Jarzebowski, P.; Bendor, D.

The brain refines its predictions of the world by updating its internal model whenever sensory input differs from expectation. The sign of this prediction error matters: an unexpected event signals that the model under-predicted (positive error), while a predicted event that fails to occur indicates that the model over-predicted (negative error), and the two should drive opposite synaptic changes. How cortical circuits represent error sign in spiking activity, and how that representation translates into synaptic learning, remain unresolved. We propose the Signed Error by Timing Asymmetry (SETA) model, in which the sign of a prediction error is encoded by when layer 2/3 neurons fire relative to a brief plasticity window in their layer 5 targets.

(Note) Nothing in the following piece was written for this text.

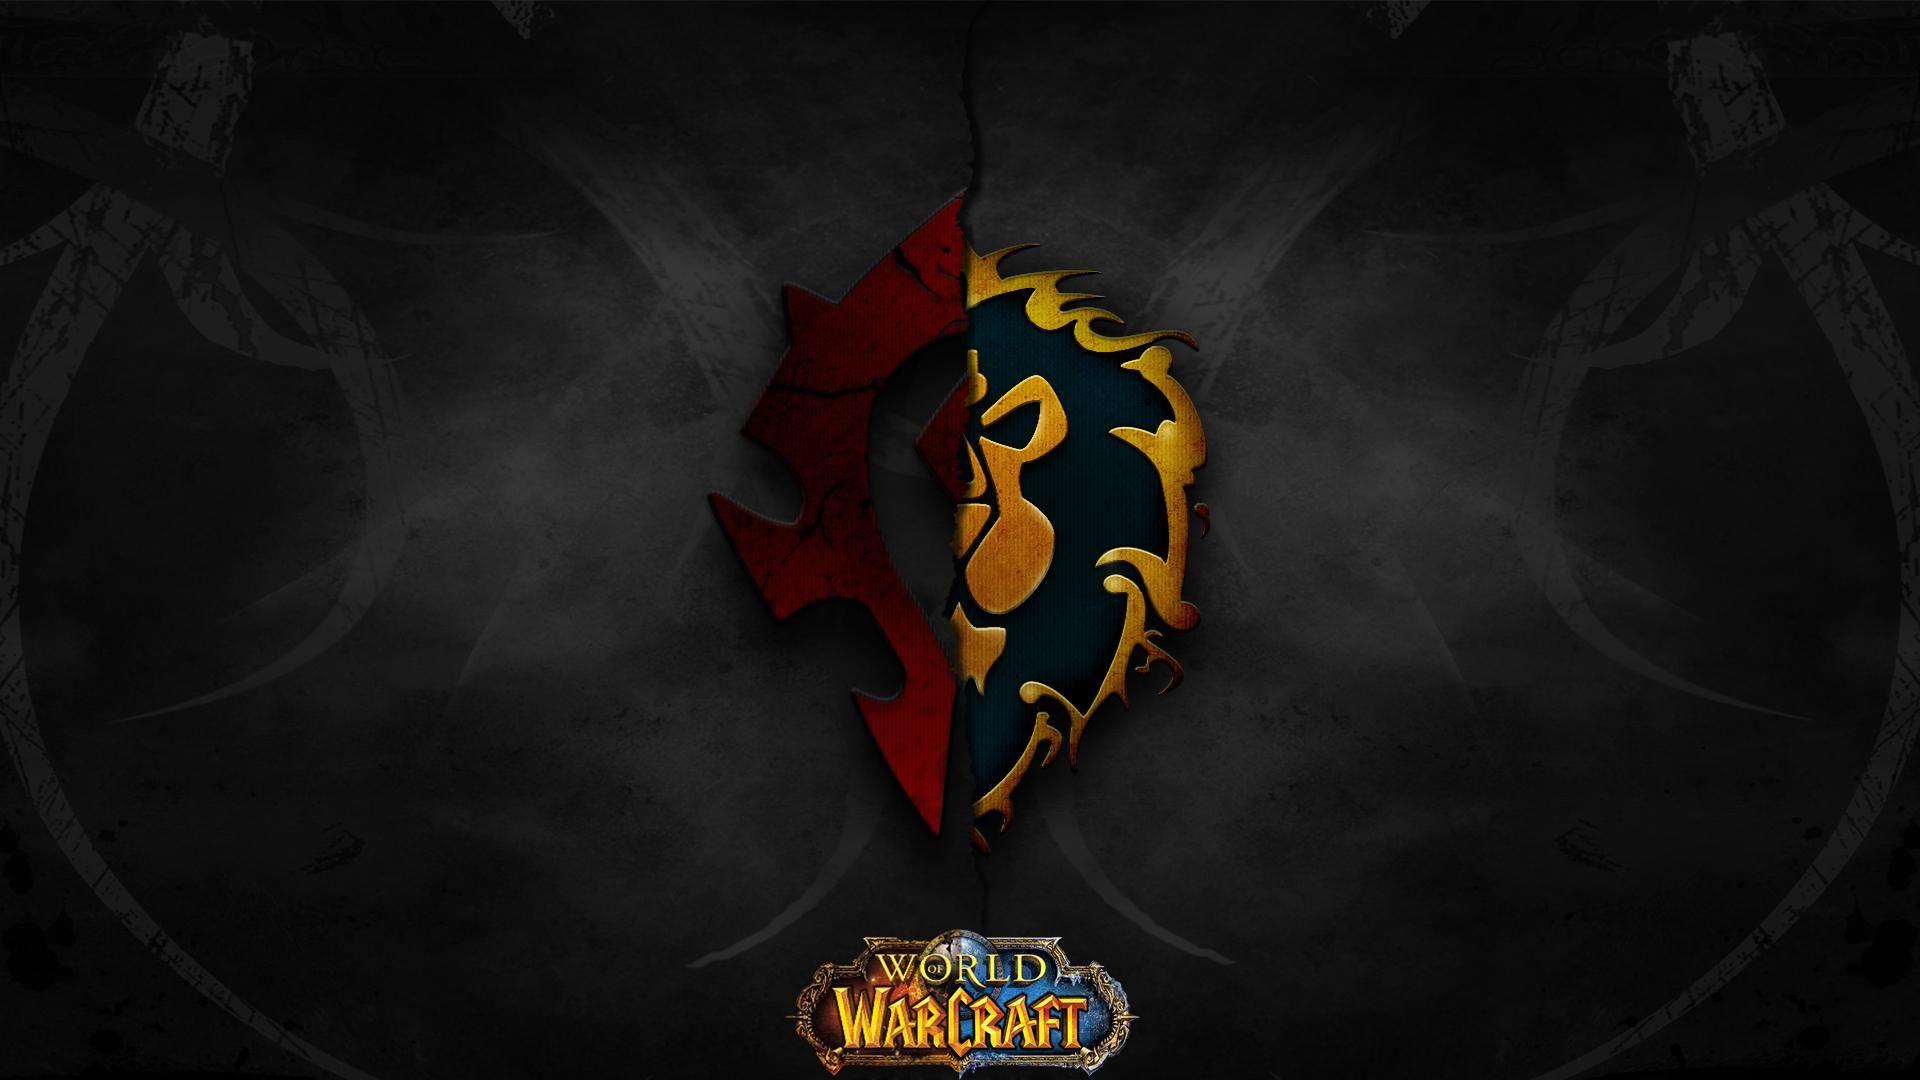 World Of Warcraft Alliance Vs Horde Hd Images Wallpaper Wallpaper 1920 1080 World Of Warcraft Alliance W World Of Warcraft Wallpaper World Of Warcraft Warcraft

Chandelier cells, an inhibitory cell type recruited by the prediction, impose a temporal clamp on layer 2/3 output: positive errors escape the clamp and arrive within the synaptic potentiation window, while negative errors are released only after the clamp decays and arrive later, during the synaptic depression window. The same circuit, therefore, biases downstream synapses toward either potentiation or depression depending on the prediction-error sign. We demonstrate this signed-error computation in a reduced two-compartment model, test SETA-specific predictions using in vivo recordings from mouse visual cortex, and examine how E/I imbalance leads to pathological consequences in predictive coding.